00:34:26:28 - 00:34:44:16
And we can think of the stars as put on a big celestial sphere, which is of course imaginary. But that helps us to do a coordinate system and that tells us where things are in the sky so we can use altitude. Naismith That's very helpful for observers on the ground, but the right ascension and declination is really good.

00:34:44:16 - 00:35:09:27
If you want to know really where something is and you want to tell somebody where it is, also be that as it may, let's actually change it. Let's show you what I mean. So now I'm going to change the location of Centered on two onto Vega, and now I'm going to change my location to somewhere further west.

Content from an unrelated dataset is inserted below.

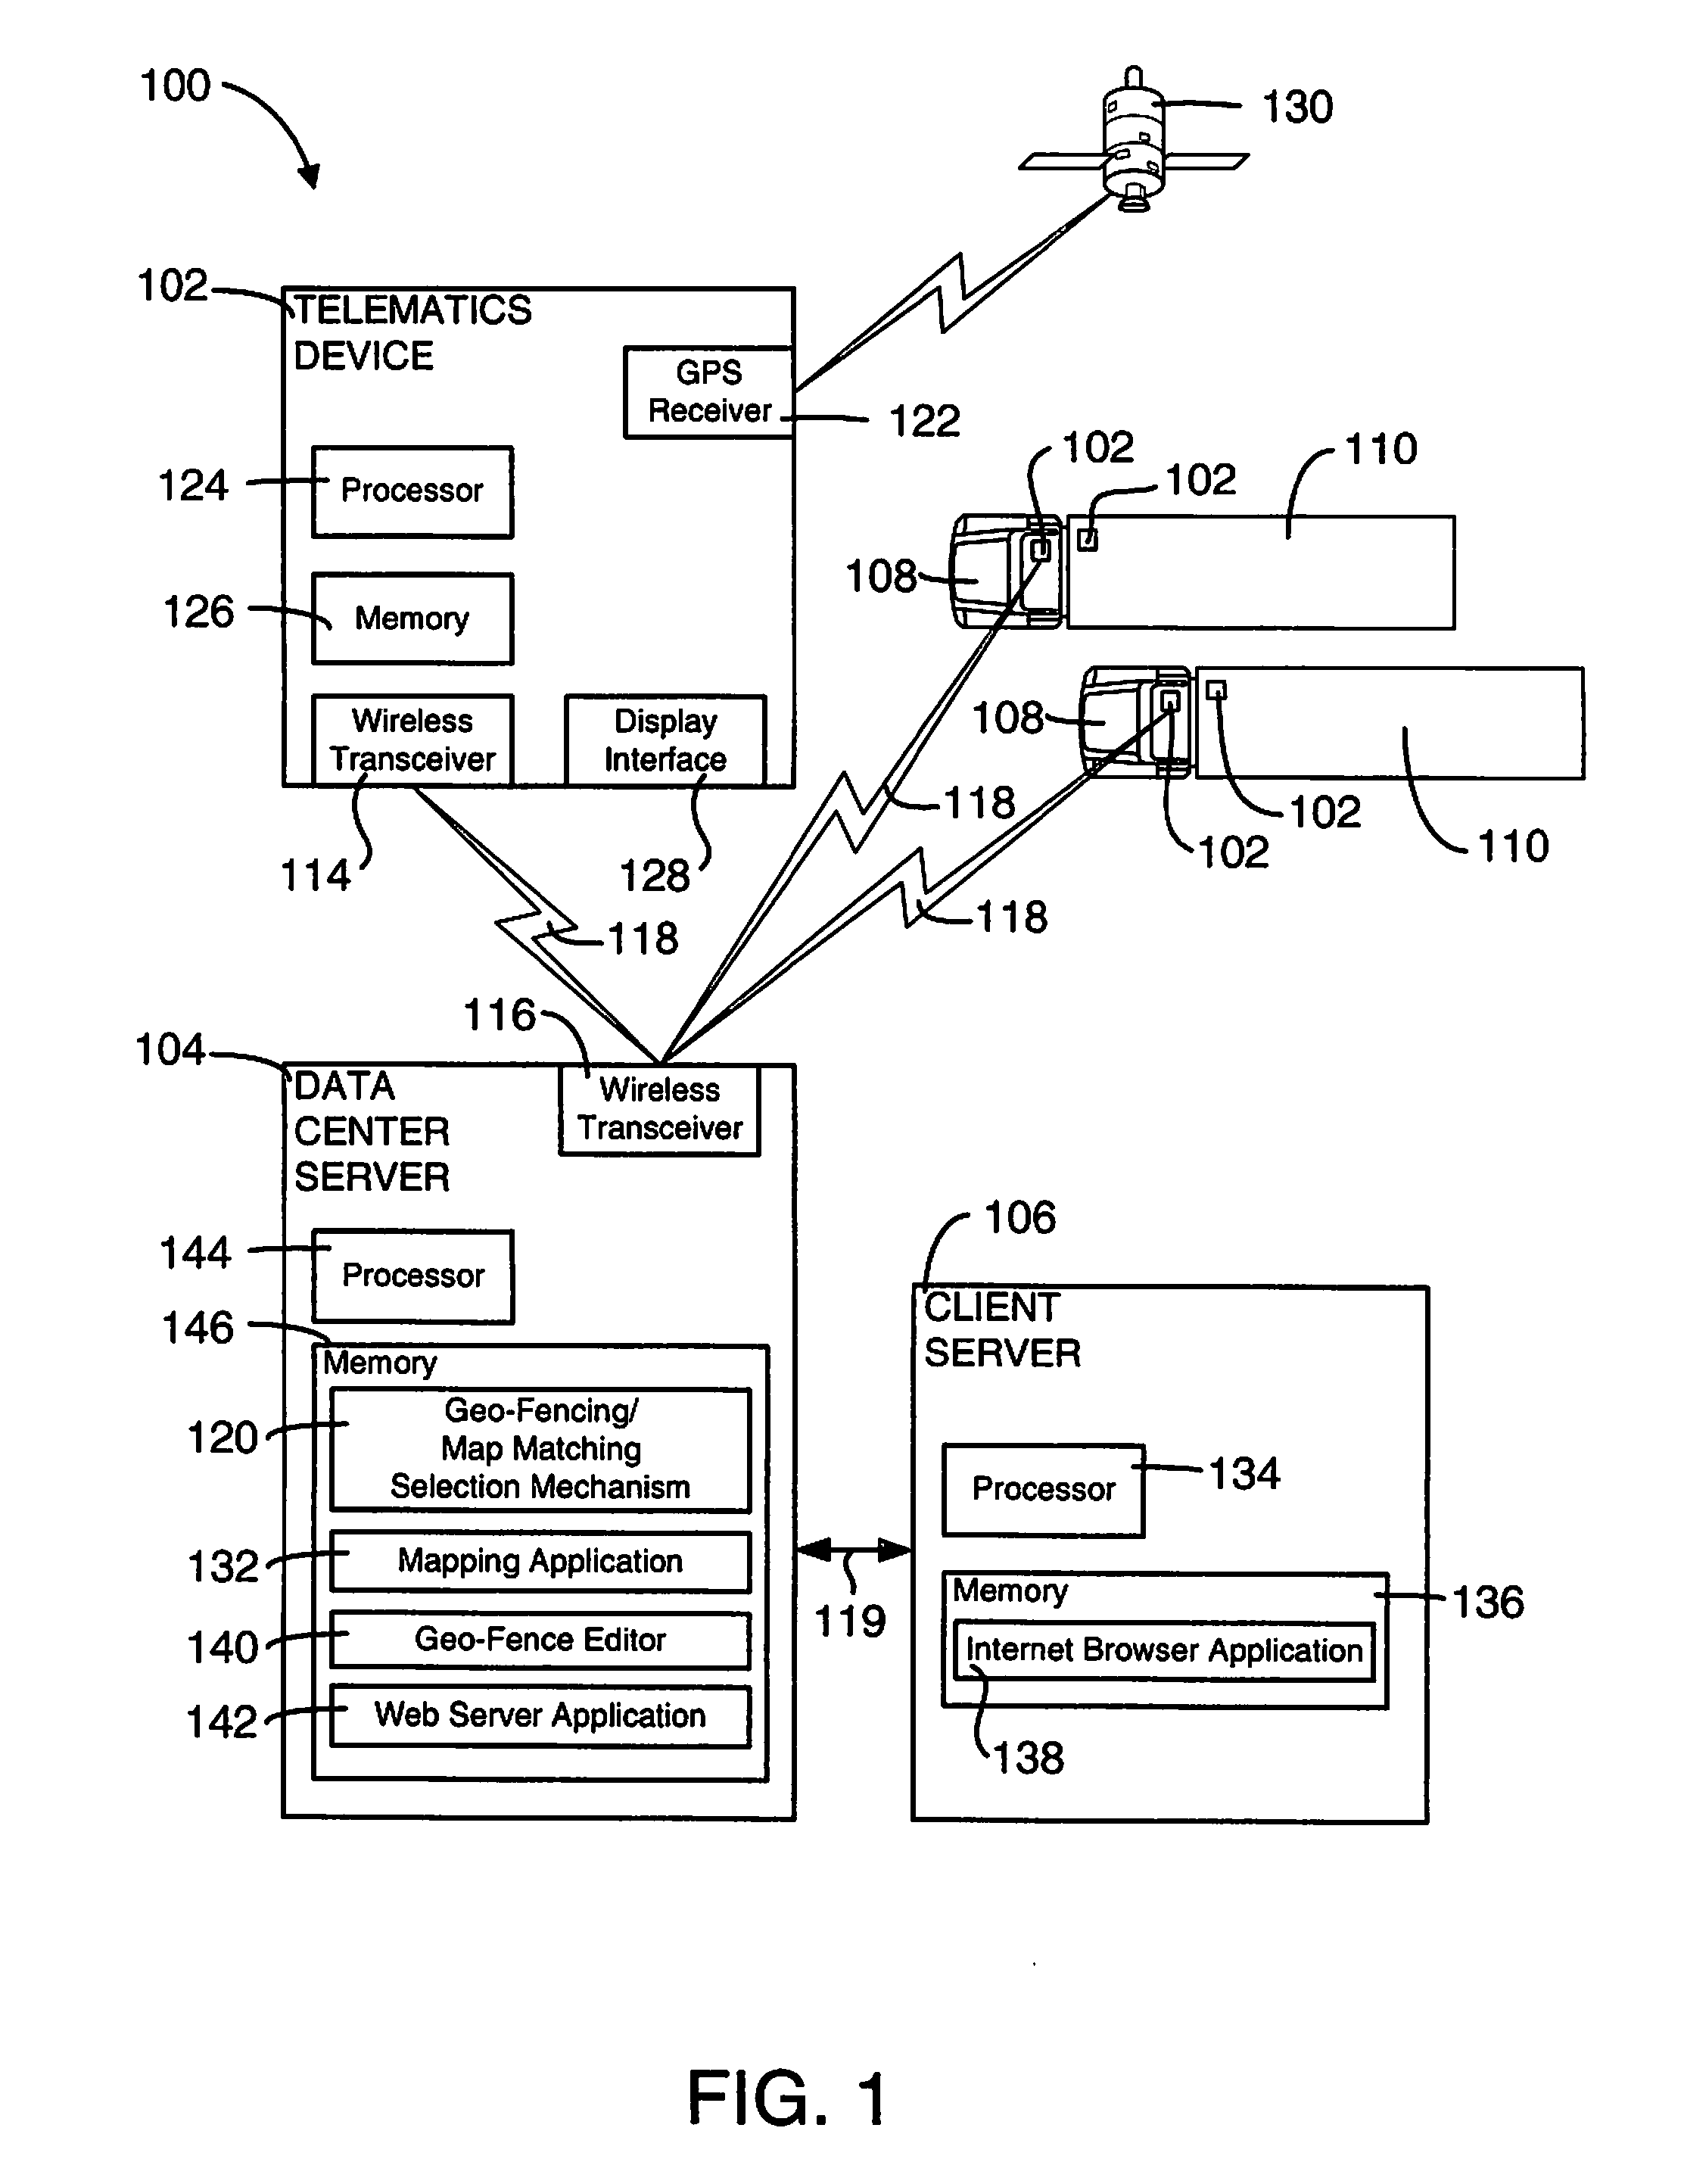 Method, Apparatus, and Computer Program Product for Intelligently Selecting Between the Utilization of Geo-Fencing and Map Matching in a Telematics System
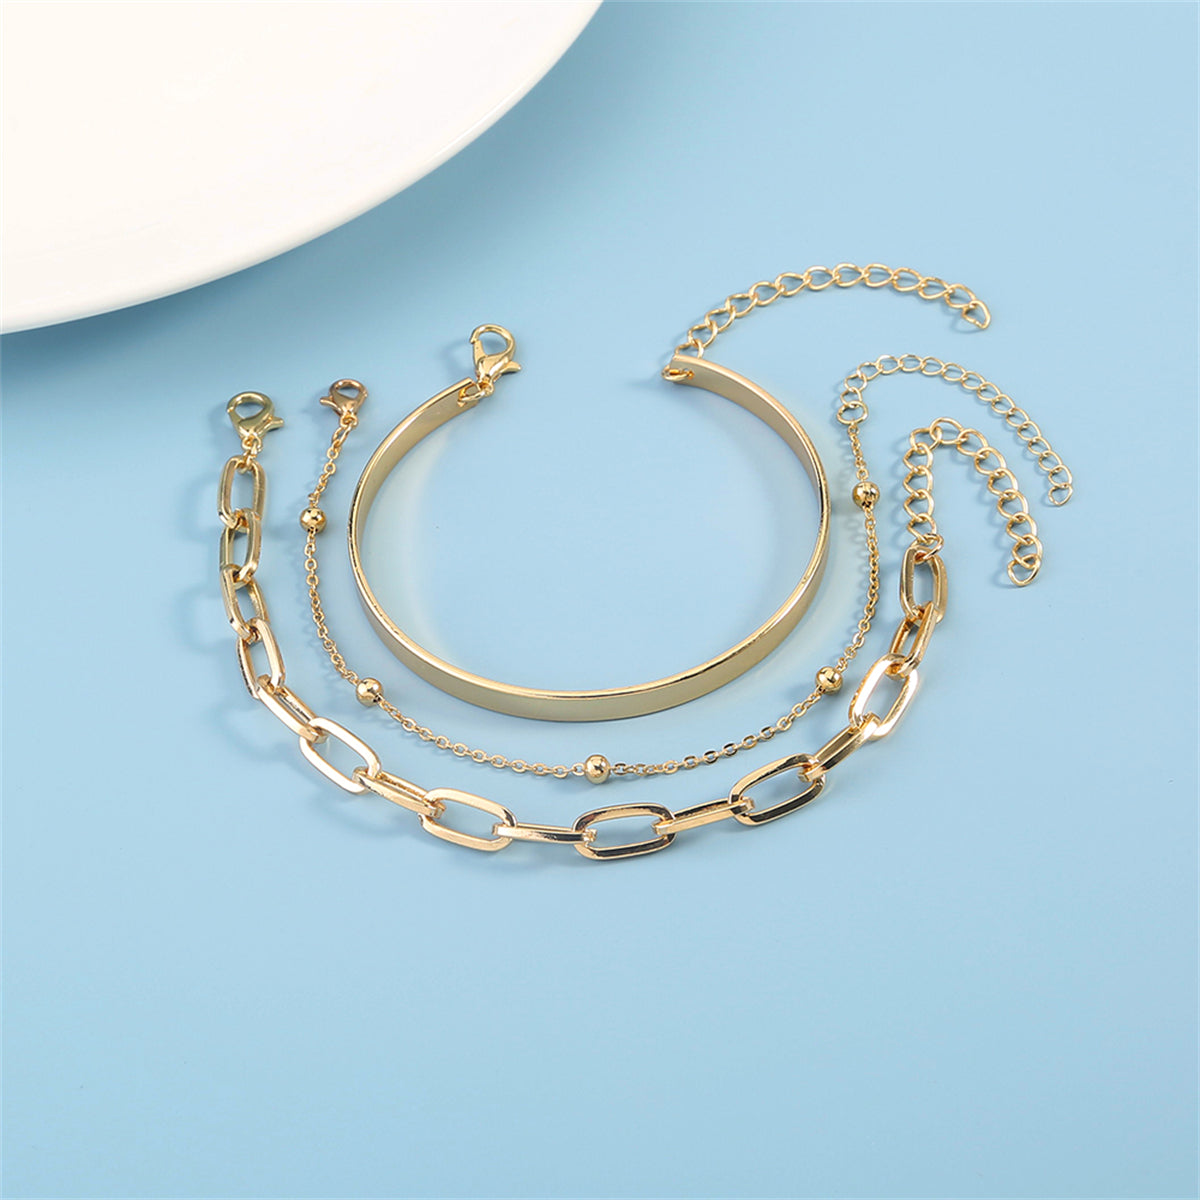 18K Gold-Plated Bead & Cable Chain Bracelet Set

See, out in Colorado, if we look at what that if we go at the West, we see that it seems to have rotated, which seems like things have changed.

00:35:09:29 - 00:35:30:20
But notice that the altitude changed and the assignments have changed with the right ascension and declination have not. So the altitude here and the azimuth here have changed and if I go to, say, Mexico, the definitely the altitude has changed and the azimuth is changed. If I go up to Canada, the altitude has changed and the azimuth have changed.

00:35:30:23 - 00:35:56:20
But the right ascension, the declination have not. So that coordinate system, right ascension, declination and equatorial coordinate system is perfect for telling people exactly where to look because you don't necessarily know what somebody else's altitude announcement they are for, say, Vega. That actually helps us find where things are in the sky. And that's they're important things. So you would go out to a friend and you might just say, well, look above the horizon and look for that bright star.

00:35:56:22 - 00:36:22:25
That's going to be kind of difficult because they might have it in a different location than you. In fact, look how different it is to go from northwestern Canada to New Jersey. It's radically different. So the place in the sky for Vegas, very different for two people on Earth. And that's because the earth is a sphere. And because it's a sphere, different observers have different locations that they can look at.

00:36:22:27 - 00:36:42:24
So the this is an introduction to how we find things in the sky and what we're actually looking for when we go hunting around for stars in the sky. And we can see that the stars themselves are fixed with respect to a coordinate system that we call the equatorial coordinate system, and that helps us navigate the sky on the celestial sphere.